Her eyes are alluring. They hold such sadness, such struggle but she doesn't confide in anyone. I wonder if John or Joanna know about what she struggles with on a daily basis. The smile on her face is so deceiving that one would never see the pain, the effort it takes for her to do that.

What have you gone through Ava?

I have encountered several sad people in my life. The whole group contains everyone with difficult past. I know theirs, they know mine, but no one knows what Ava has gone through. And for me to say those things about her was a dick move. I shouldn't have done that.

I was jealous and angry. She is close with everyone else but me. She talks to everyone but me. At my match she was busy with Clayton. It burnt my insides when I saw her getting close to Clayton, when I saw her hugging him like the rest of the world vanished. Like it was just these two there. She wasn't even cheering me on after I won the fucking match.

For me, impressing her meant the world. I faught with just my human instincts but she tosses it all aside. Instead her whole focus was on Clayton. That ticked me off. When I did so much for her. I know I've always been a douche bag towards her, but that day I realised that I like her. So I wanted to impress her. But she goes ahead and does that.

No matter what, it's still no excuse for what I did. But I was hurt. And drunk. So when she came to me, I humiliated her. Those dudes seriously crossed the line. I couldn't look at her in the eyes. I was ashamed of myself. This was not how my parents brought me up. They taught me better.

After Ava ran out of the club, not before punching me, which were pretty good, I did not spare those guys.

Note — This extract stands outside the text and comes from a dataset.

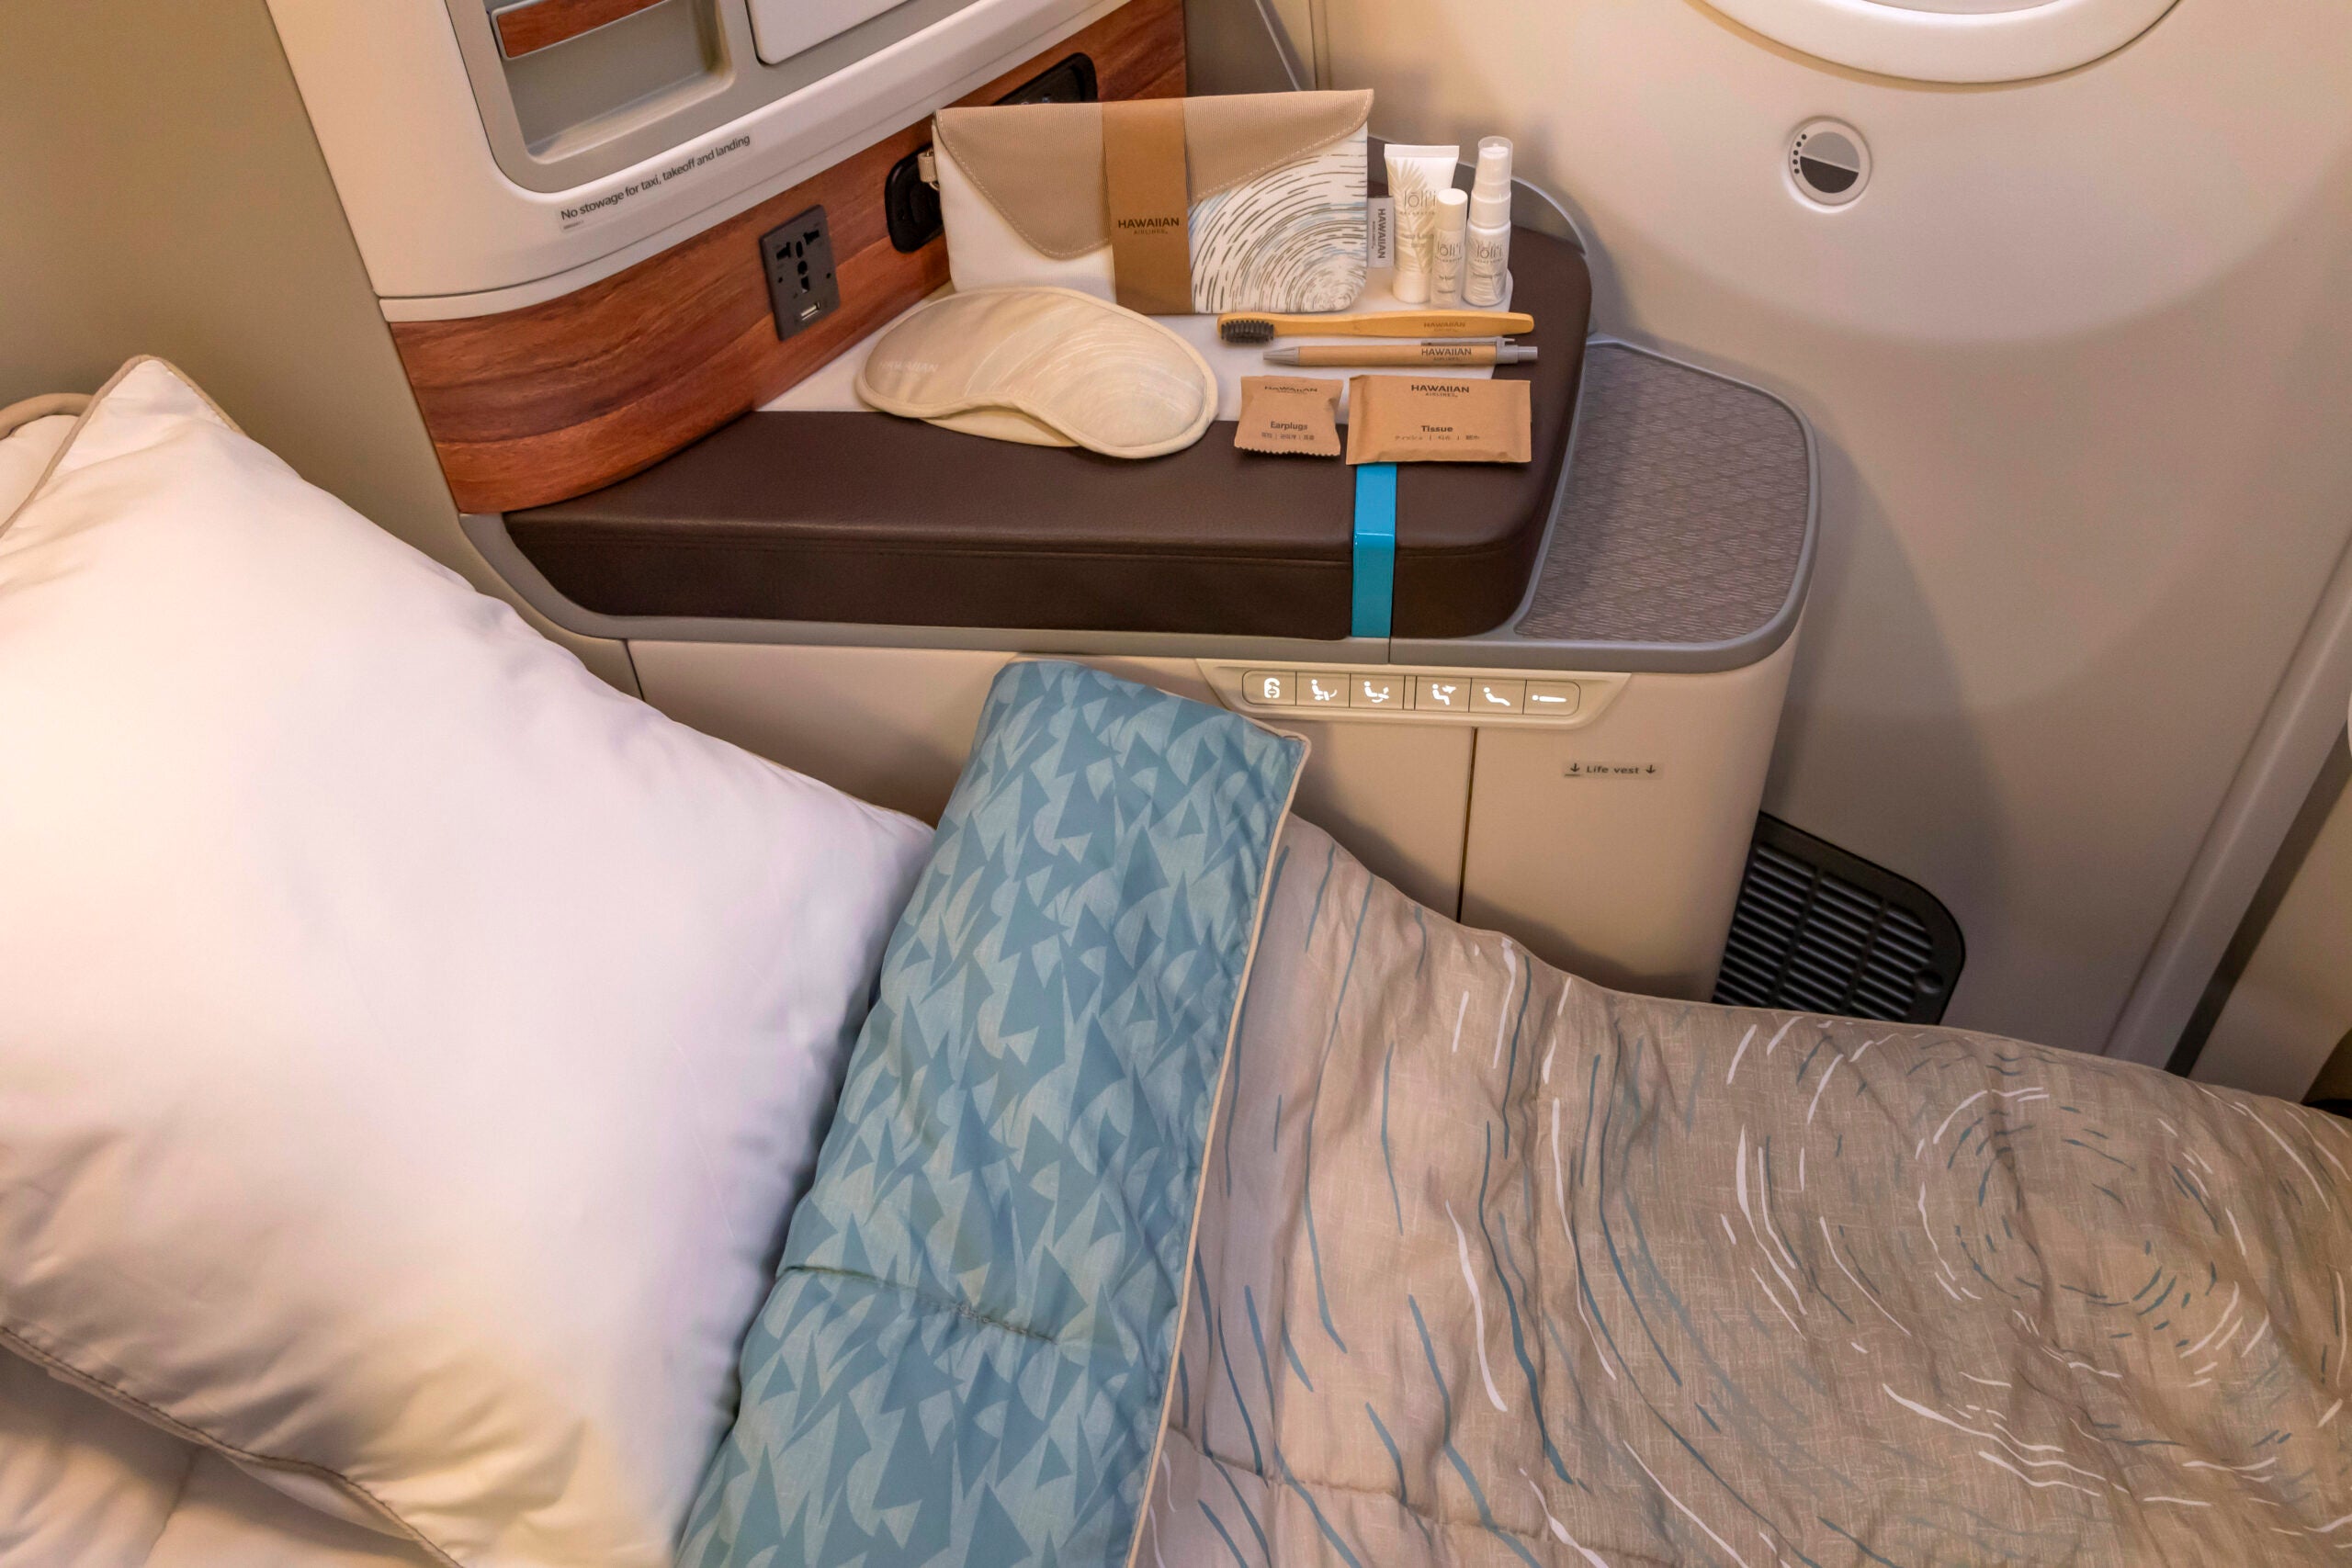 Mattress pad, blanket and pillow for business class cabins

While fighting them, they retaliated, and I rightfully took some of their blows. I deserved it. I deserved worse because I was the one who provoked them. But there was no time. I had to go out after her. I needed to make sure she was okay.

And just like luck would have it that night, she was fighting with the nagas, which she did like a fucking pro, and then she walked off into the jungle. Fifteen minutes later she came out of the jungle. Her pretty face was slick with sweat, but her eyes when regarded me, did that with complete hate. And that hurt. But I rightfully deserved it.

When she agreed to share the ride with me, I decided that there was no way I was letting her walk out of my car without apologizing. But I've never been lucky, she booked a cab and went away. So there I stood, like a loser staring at the back of the car to see if she would turn around to see me. But she didn't.

The days following that awful day, she didn't talk to me. I tried. I fucking did. But she is a stubborn girl and rightfully so. I've never seen her treat anyone like that, but then again, I'm sure nobody has ever treated her like I did either. Because if they did, I would make sure they know they did a mistake. Hypocrite, right?

"Alright, so what else are we doing in India. I guess we could spend one week there atleast. Like today we reach and rest, tomorrow we begin the search. Then what?" Clayton said attracting my attention. That fucker needs to stay away from Ava.

"We will stay there for one of their festivals. There are super ancient temples and the place is also a very sacred place where their holiest river Ganga flows. I swear you all will love that place. So during November, Diwali or Deepawali is a festival that is celebrated in the country. It's a festival of lights. And I'm rambling but I'm just super excited to talk about things that I know and studied." Ava said with a dreamy sigh. Her plump pink lips were parted in a way that I just wanted to reach over and kiss those inviting lips.